UBR4 is a 574 kDa E3 ligase (E3) of the N-degron pathway with roles in neurodevelopment, age-associated muscular atrophy and cancer. The catalytic module that carries out ubiquitin (Ub) transfer remains unknown. Here we identify and characterize a distinct E3 module within human UBR4 consisting of a ‘hemiRING’ zinc finger, a helical-rich UBR zinc-finger interacting (UZI) subdomain, and an N-terminal region that can serve as an affinity factor for the E2 conjugating enzyme (E2). The structure of an E2–E3 complex provides atomic-level insight into the specificity determinants of the hemiRING toward the cognate E2s UBE2A/UBE2B. Via an allosteric mechanism, the UZI subdomain modestly activates the Ub-loaded E2 (E2∼Ub). We propose attenuated activation is complemented by the intrinsically high lysine reactivity of UBE2A, and their cooperation imparts a reactivity profile important for substrate specificity and optimal degradation kinetics. These findings reveal the mechanistic underpinnings of a neuronal N-degron E3, its specific recruitment of UBE2A, and highlight the underappreciated architectural diversity of cross-brace domains with Ub E3 activity.

UBR4 是 N-降解决定子途径的 574 kDa E3 连接酶 (E3)，在神经发育、年龄相关性肌肉萎缩和癌症中发挥作用。
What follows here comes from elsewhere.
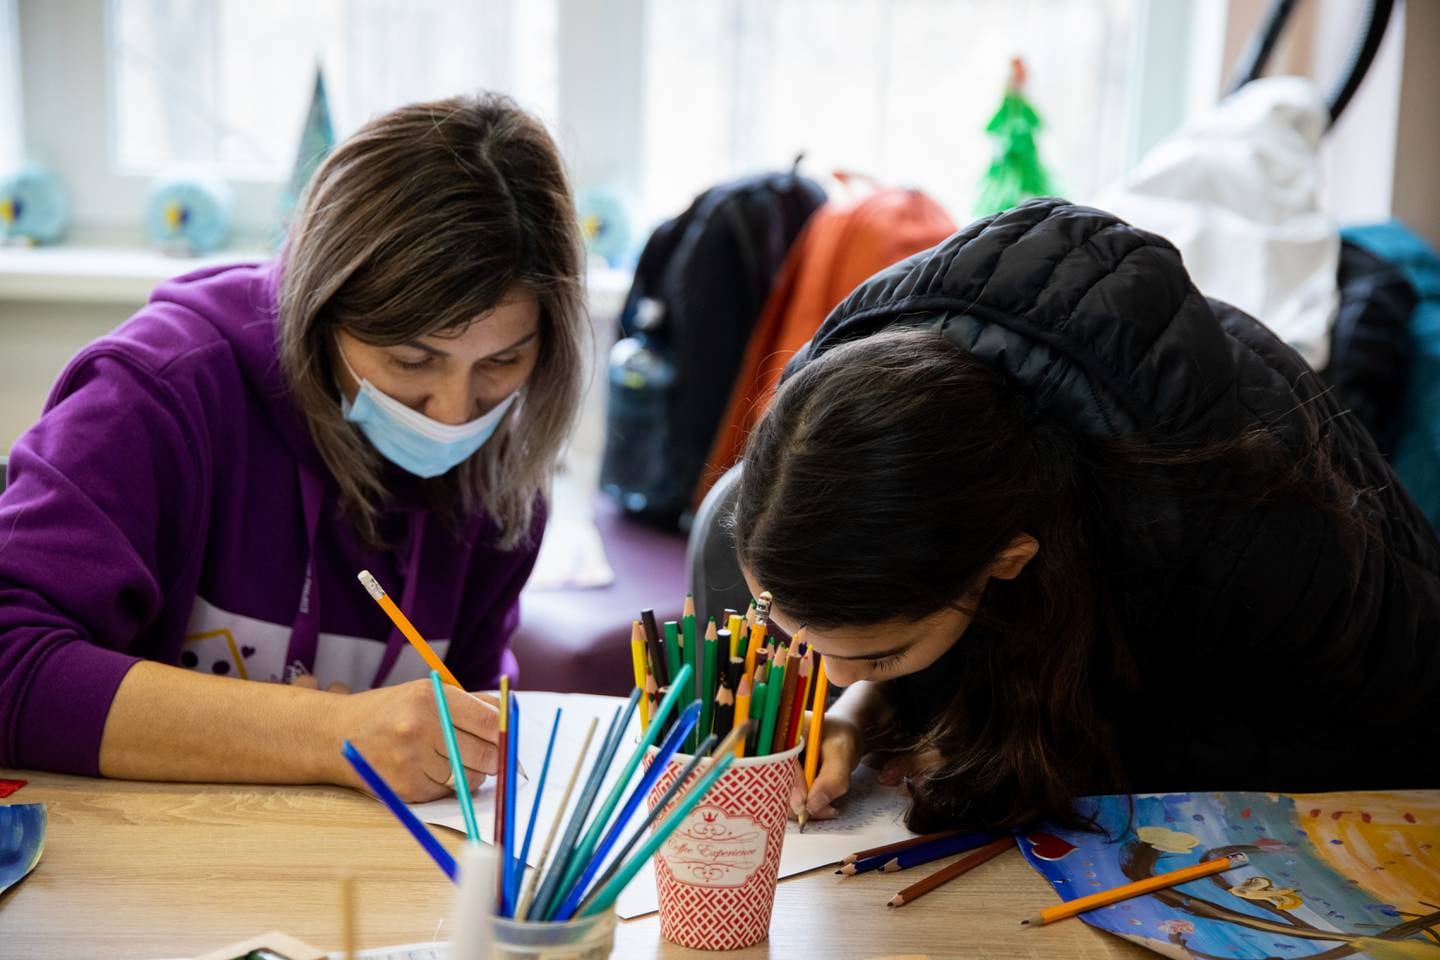 På egne samlingsrom, opprettet på flyktningmottak av Plan Norge, kan barn og unge være kreative og gjøre lekser og andre aktiviteter. – Her vi personale som er trent til å ta imot dem, og hjelpe, sier Partpuoli, generalsekretær i Plan Norge.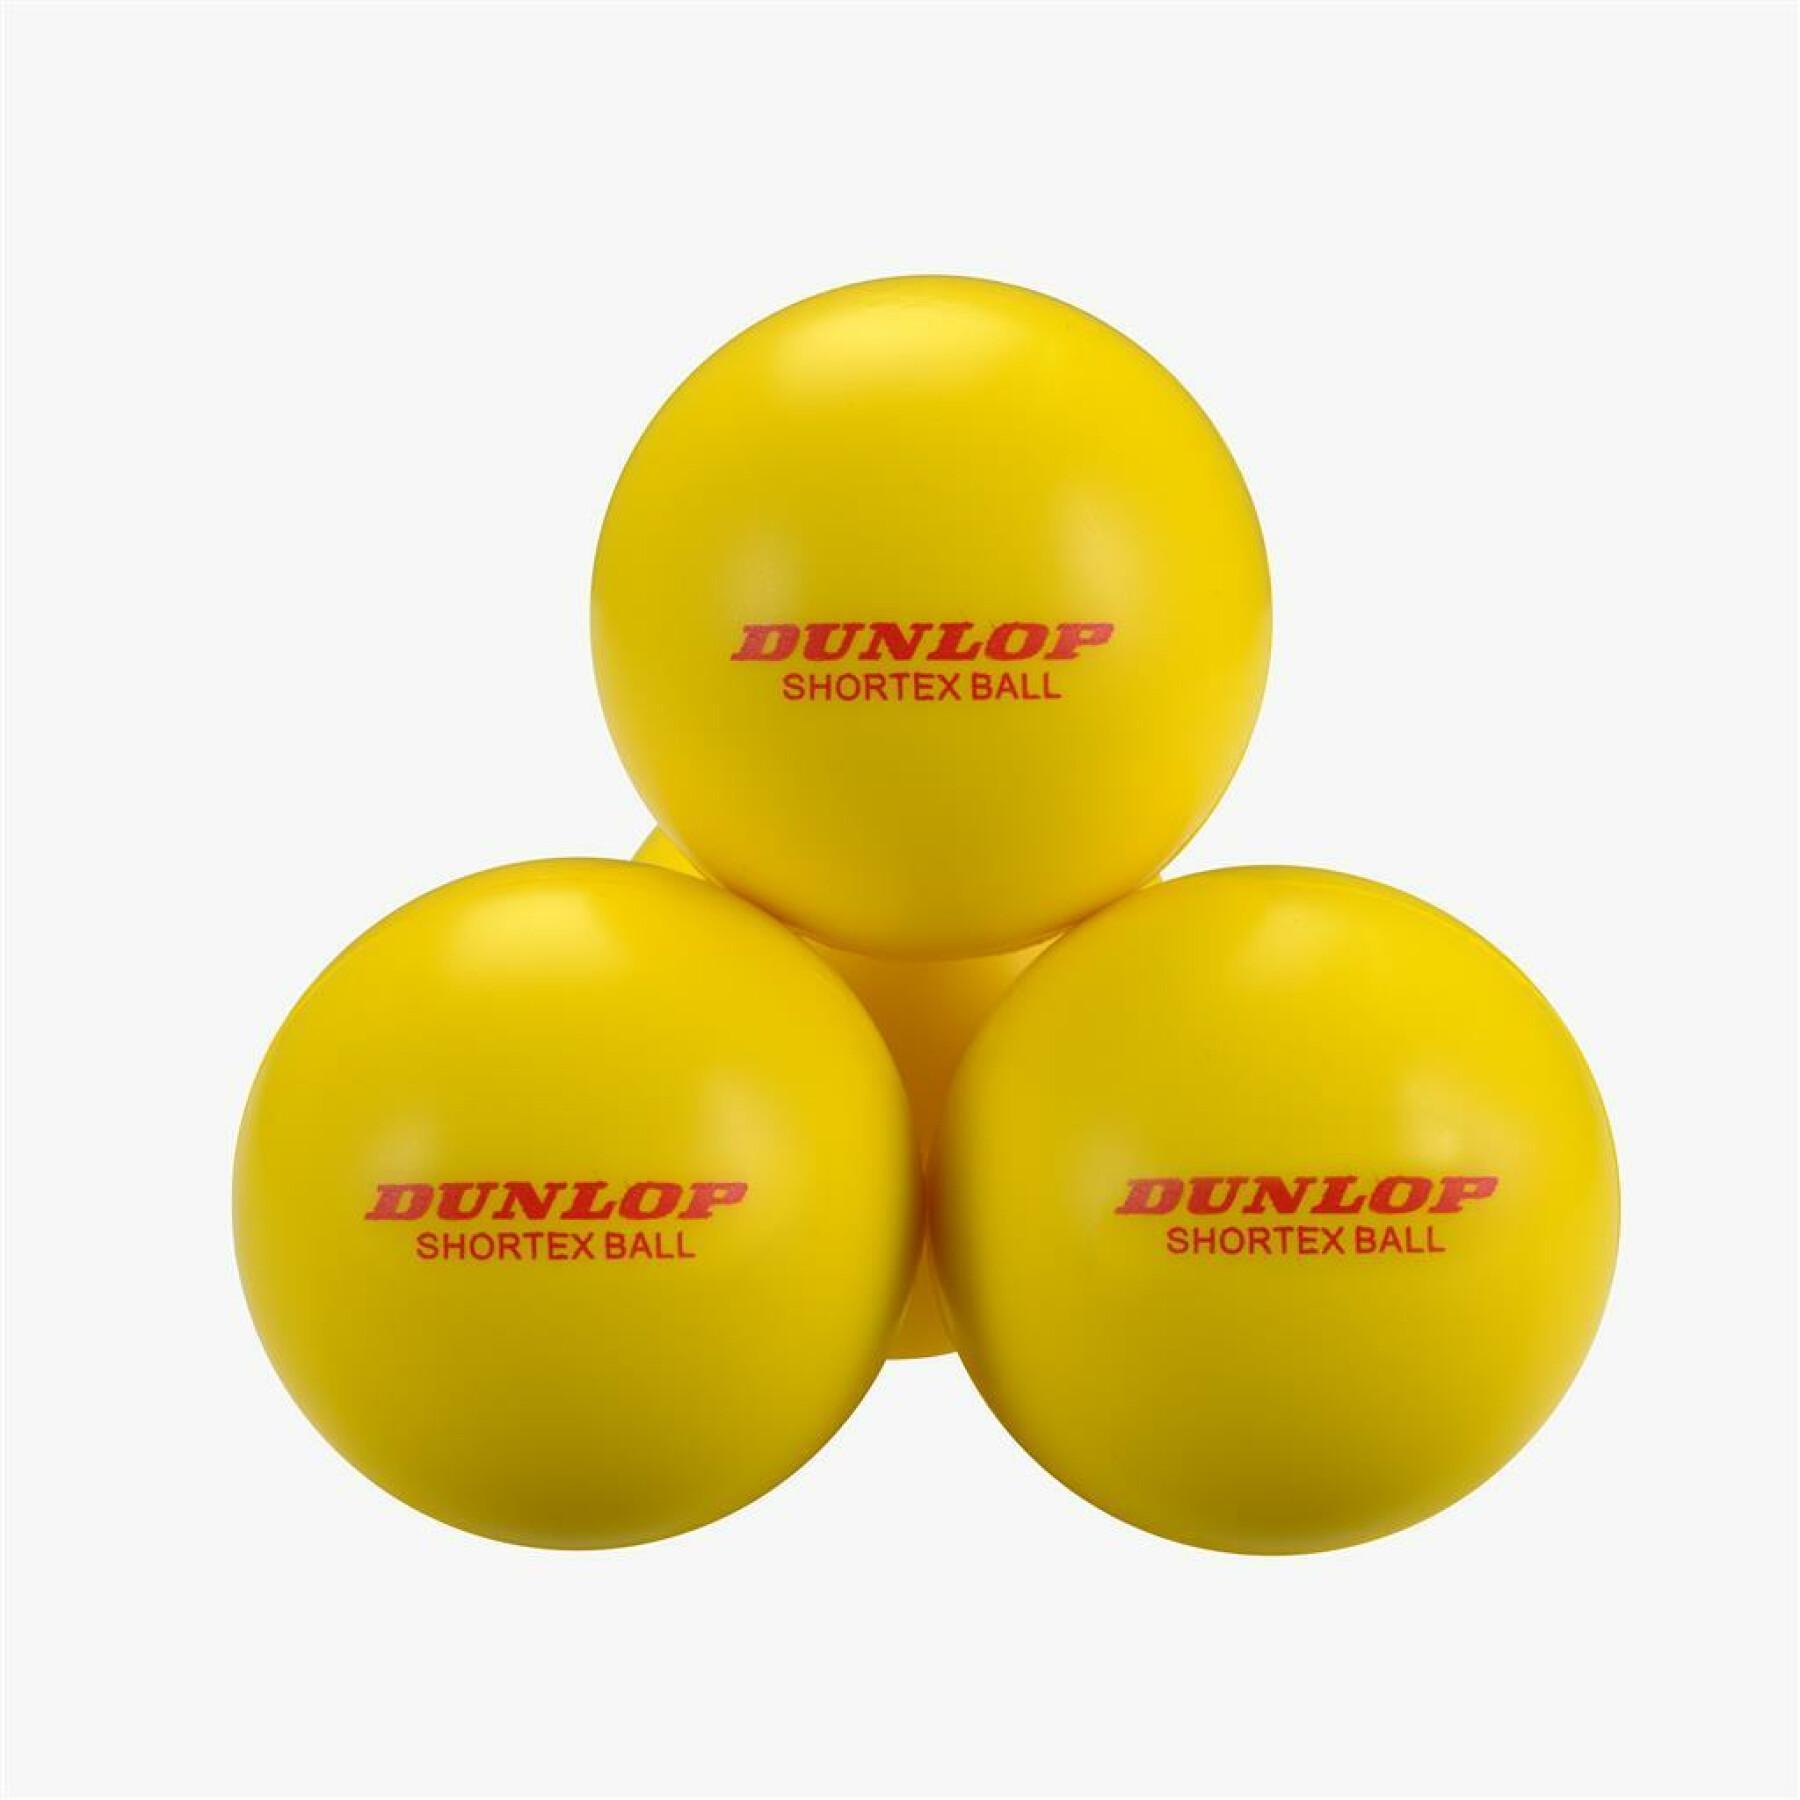 Lot of 12 tennis balls Dunlop Shortex

进行泛素（Ub）转移的催化模块仍然未知。在这里，我们鉴定并表征了人类 UBR4 中的一个独特的 E3 模块，该模块由“hemiRING”锌指、富含螺旋的 UBR 锌指相互作用 (UZI) 子结构域和可作为亲和因子的 N 端区域组成。 E2结合酶(E2)。 E2-E3 复合物的结构提供了原子水平的洞察，以了解 hemiRING 对同源 E2 UBE2A/UBE2B 的特异性决定因素。通过变构机制，UZI 子结构域适度激活 Ub 负载的 E2 (E2 ∼ Ub)。我们建议 UBE2A 固有的高赖氨酸反应性补充了减弱的激活，并且它们的合作赋予了对底物特异性和最佳降解动力学重要的反应性特征。这些发现揭示了神经元 N-degron E3 的机制基础、UBE2A 的特异性募集，并强调了具有 Ub E3 活性的交叉支撑结构域的结构多样性未被充分认识。